■ TASK GOAL: Copy task. Retype the whole listing exactly, omitting any picture in it.

■ SOURCE DATA:
>>>

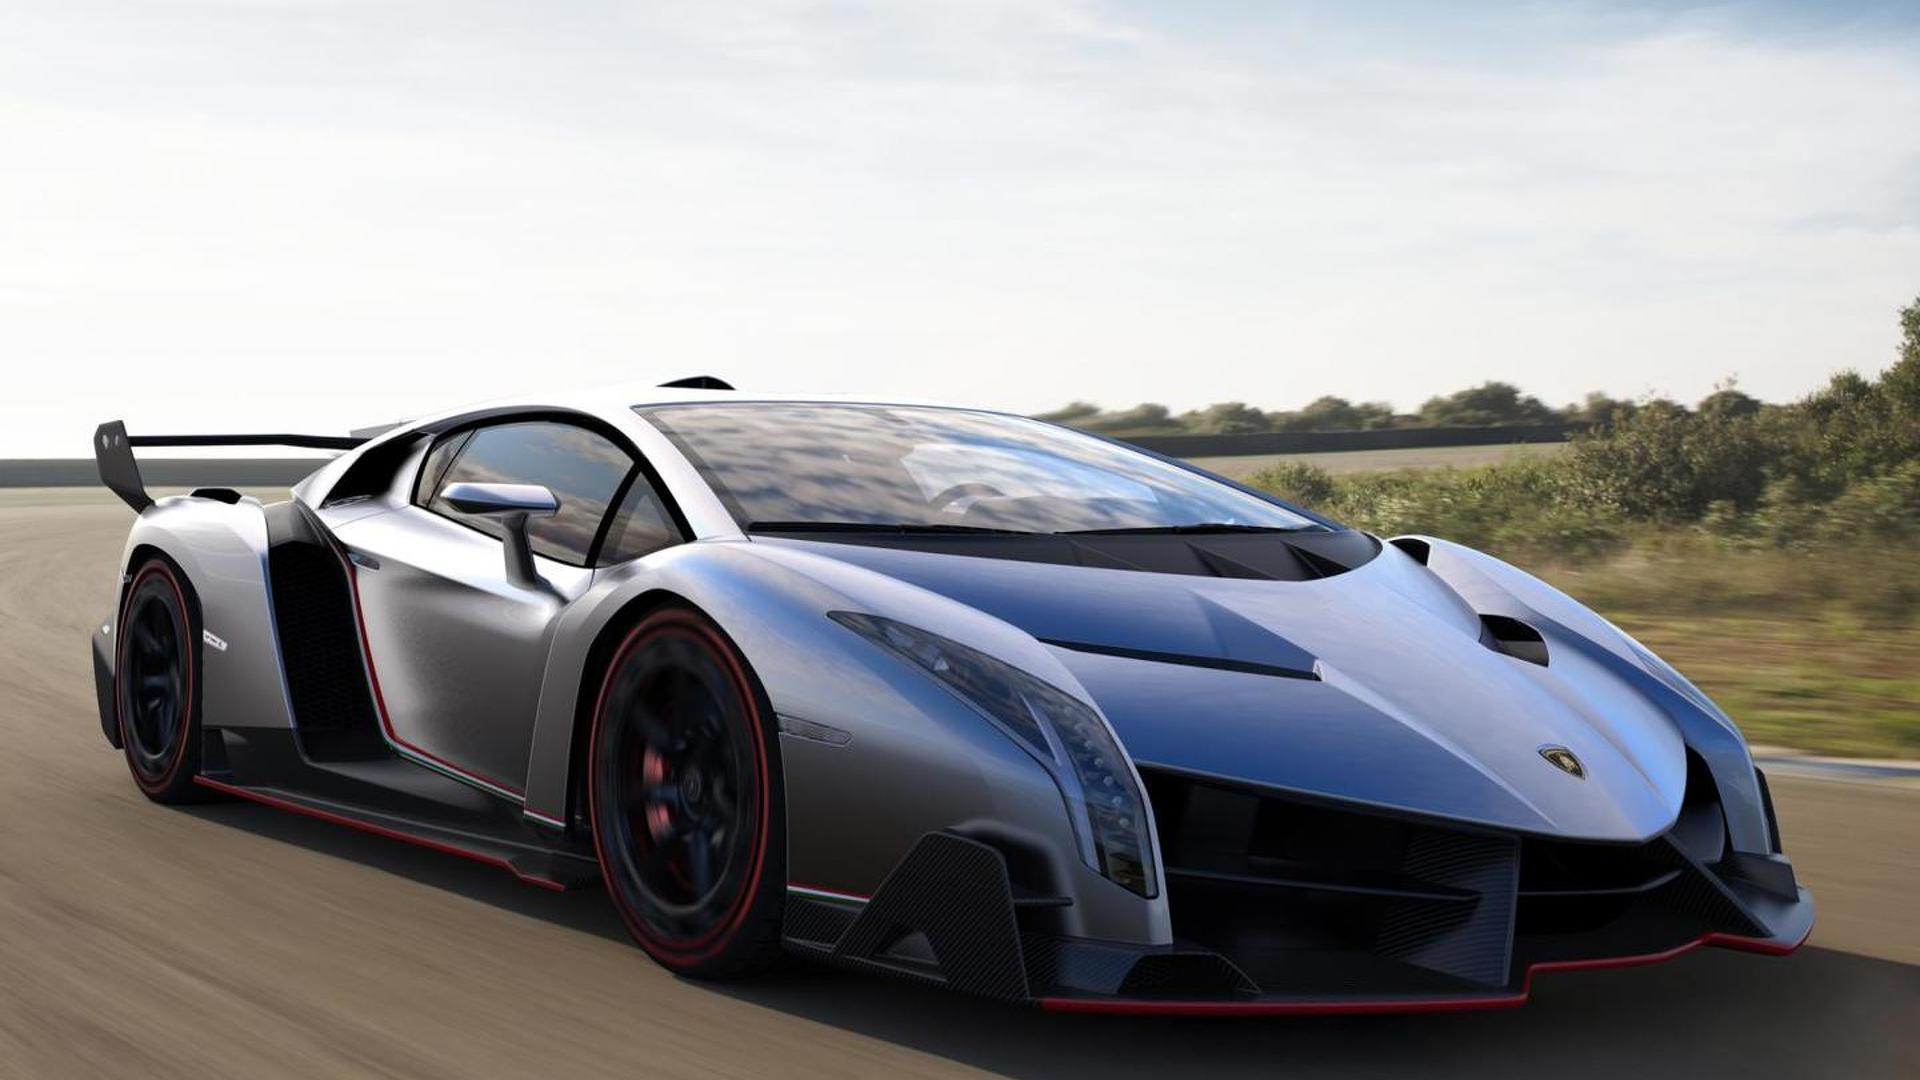 Lamborghini hypercar rumored for Pebble Beach
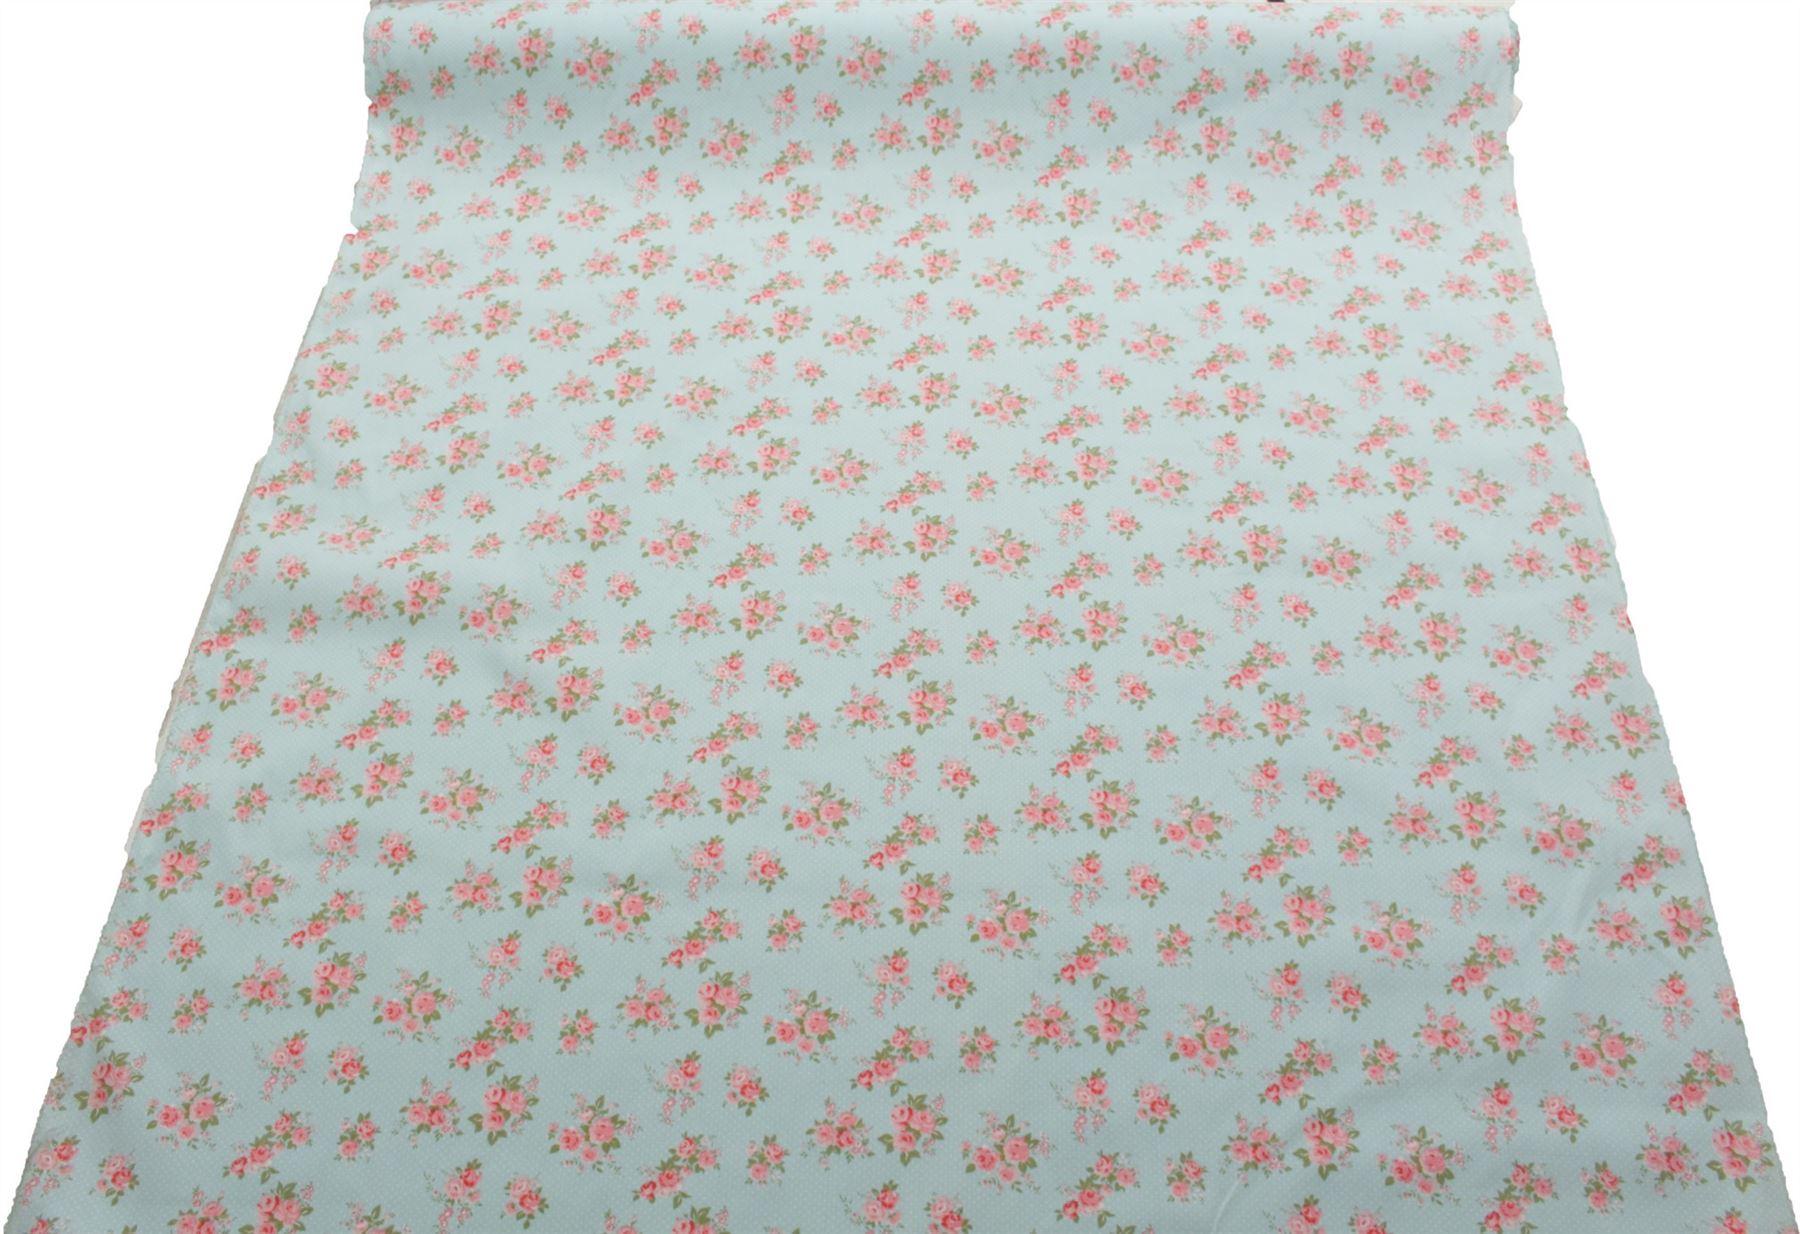 thumbnail 51 - 100% Heavy Cotton Panama Printed Childrens Curtain Cushion Upholstery Fabric
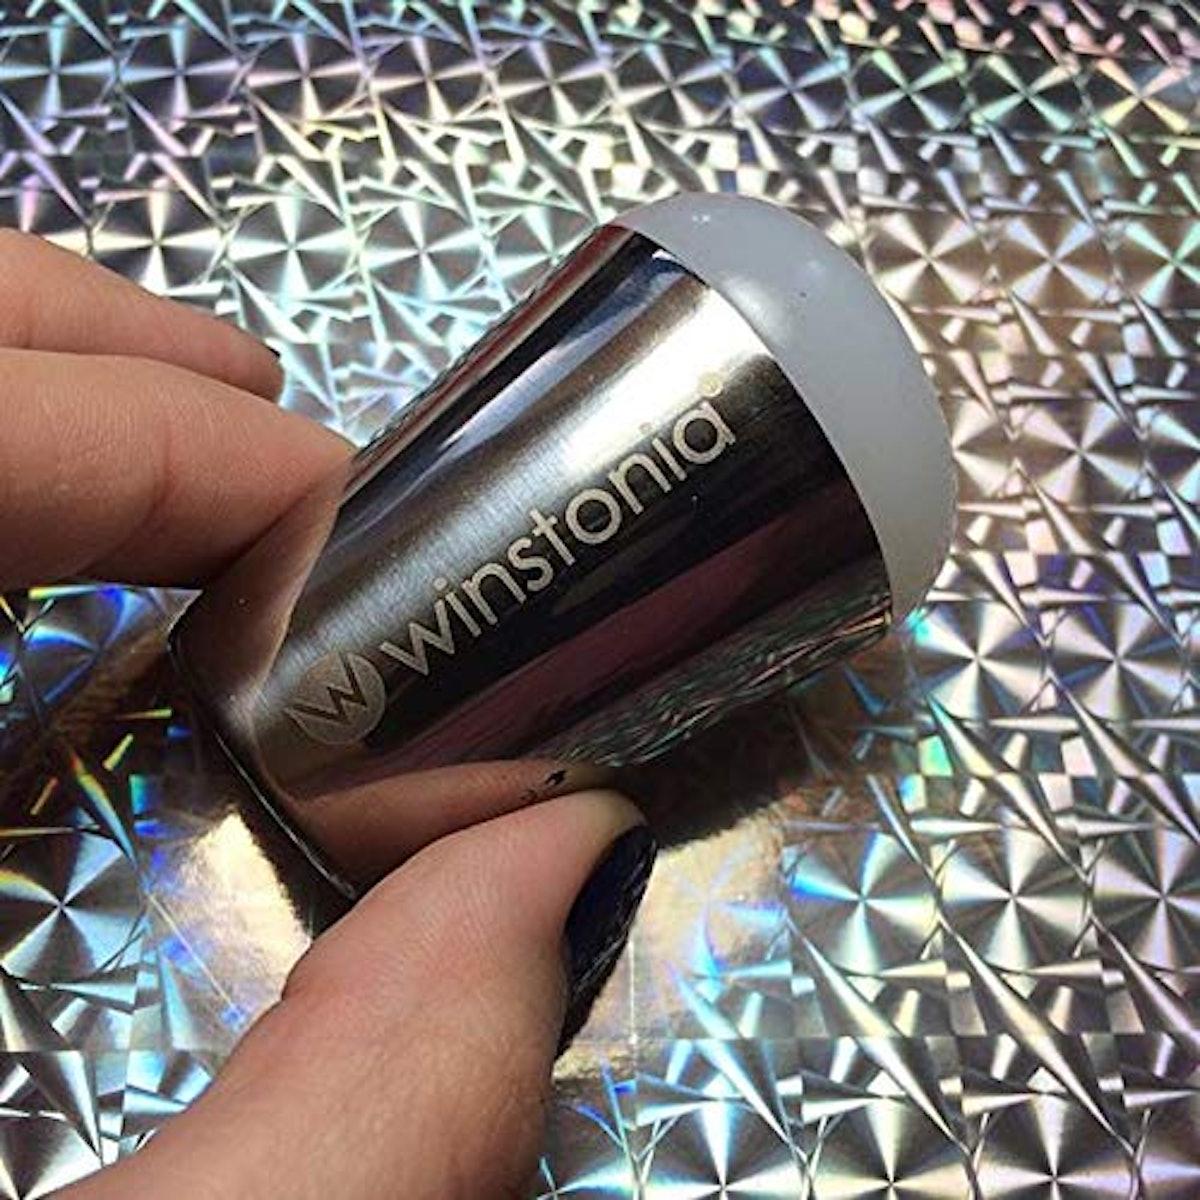 Winstonia Nail Art Stamper, Jumbo Size

<<<

■ EXPECTED ANSWER:
 Lamborghini hypercar rumored for Pebble Beach
 thumbnail 51 - 100% Heavy Cotton Panama Printed Childrens Curtain Cushion Upholstery Fabric
 Winstonia Nail Art Stamper, Jumbo Size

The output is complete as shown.